Chief of the Stoney Nakoda First Nation

Sitting Eagle (1874 – March 21, 1970), also known as John Hunter, was a respected Stoney Nakoda First Nation leader who spent most of his life in Mînî Thnî (formerly Morley), Alberta.

A rancher by trade, Sitting Eagle was also an accomplished teacher, hunter, artist, and craftsman. He served as an ambassador and representative for the Chiniki First Nation, appearing frequently in press coverage of the band's events and diplomatic activities. He was also a popular subject of many photographers and artists of his time, qualifying among the most photographed Stoney Nakoda individuals as a result.

In the 21st century, Sitting Eagle is best remembered for his involvement with the Calgary Stampede. Over his lifetime, he came to be regarded as a symbol of the event. A statue of Sitting Eagle stands in Downtown Calgary as a tribute to his contributions to the city.

== Early life and family ==
Sitting Eagle was born in 1874 to a Chiniki First Nation family. His parents were known by the anglicized names of George and Nancy Hunter. A 1923 article in the Calgary Herald by Chief Buffalo Child Long Lance identified George Hunter's Stoney Nakoda name as Black Dog.

=== Names ===
During Sitting Eagle's childhood, it was common for Indian agents to forcibly assign European names to Indigenous reserve residents when recording them for administrative purposes. Sitting Eagle received the anglicized name, John Hunter. He was "well known" as both Hunter and Sitting Eagle among Calgary's residents, and both names appear on his commemorative statue in Calgary.

Sitting Eagle's Stoney language name (Ûbi-thka Îyodâge) derives from the importance of golden eagles in Nakoda spiritual customs. Sitting Eagle's grandson, artist Roland Rollinmud, recalled his grandfather going by Ûbi-thka Îyodâge.
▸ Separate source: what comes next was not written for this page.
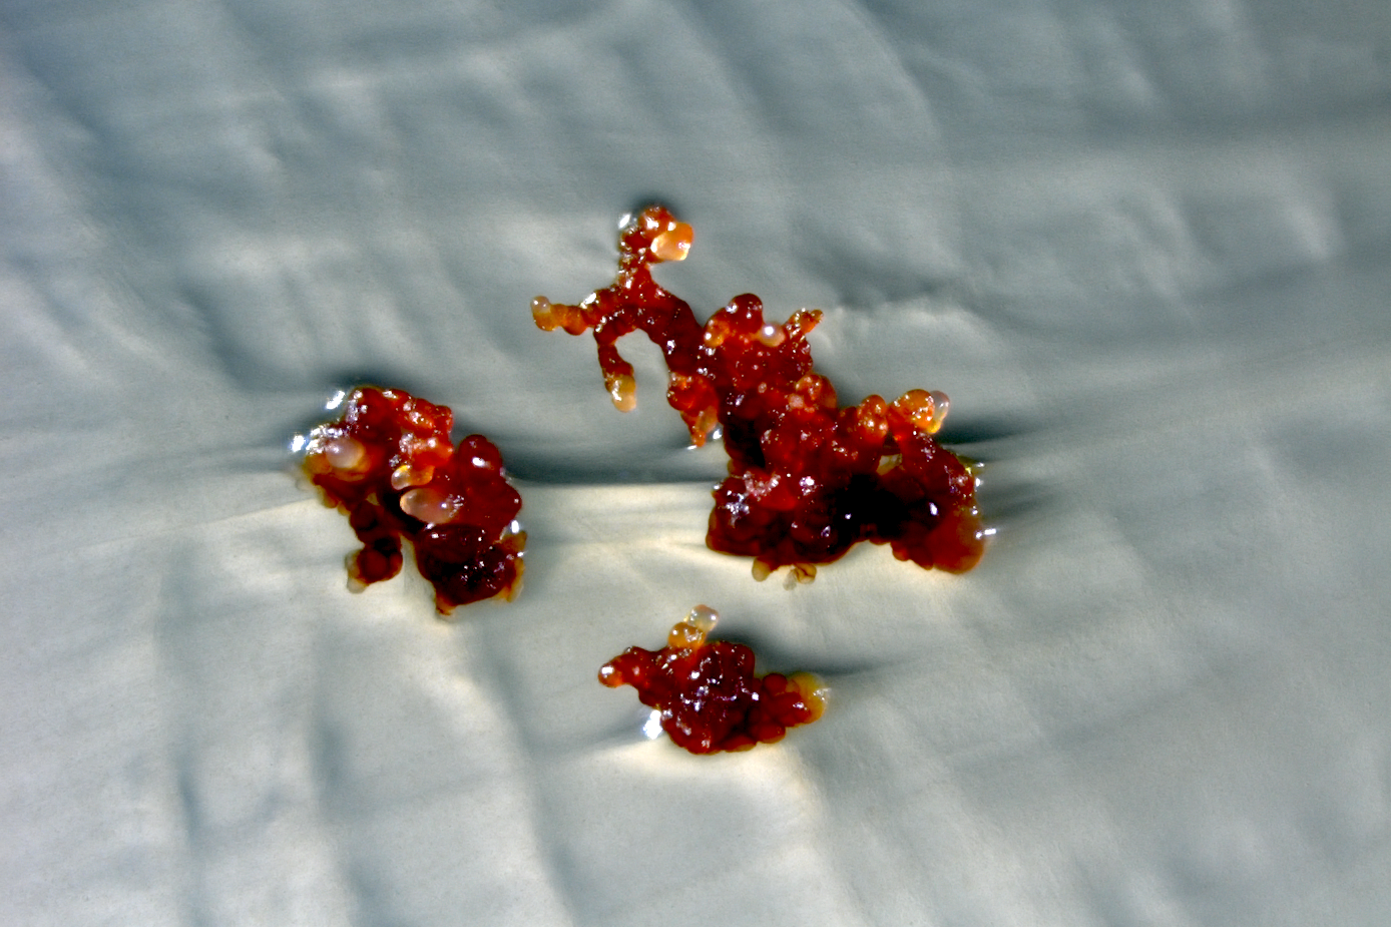 Stereomikroskopische Aufnahme von Cystobacter violaceus in rot

Between 2014 and 2022, the Whyte Museum ran an initiative to consult elders for the purposes of identifying unnamed Indigenous people in historic photographs. Stoney Nakoda elders identified Sitting Eagle as having also gone by the name Laughing Water (Îhre Wapta), derived from the sound made by a running creek.

=== Family involvement in band government ===
Since the signing of Treaty 7 in 1877, the three Stoney Nakoda First Nations (Chiniki, Goodstoney, and Bearspaw) have separately elected one respective chief and four councillors. The band governance system was "generally imposed on First Nations without their consent." The structure ignored the ways in which Indigenous societies traditionally governed themselves.

Although Sitting Eagle was popularly referred to as a "Chief" by settler media, he did not serve as the elected chief of the Chiniki Band as recognized by the Indian Act. Nonetheless, Sitting Eagle was acknowledged to be a "prominent leader of the Chiniki" people during his lifetime, and it was not uncommon for Indigenous leaders who were not formally chiefs to be referred to as such by colonist sources. Many members of the Hunter family were noted to have served as band officials in other capacities, and a 1951 article in the Windsor Daily Star described Sitting Eagle as attending "all meetings of the band council," indicating that he served as a councillor. He was also a close friend of George MacLean (Walking Buffalo), one-time Chief of the Bearspaw Band.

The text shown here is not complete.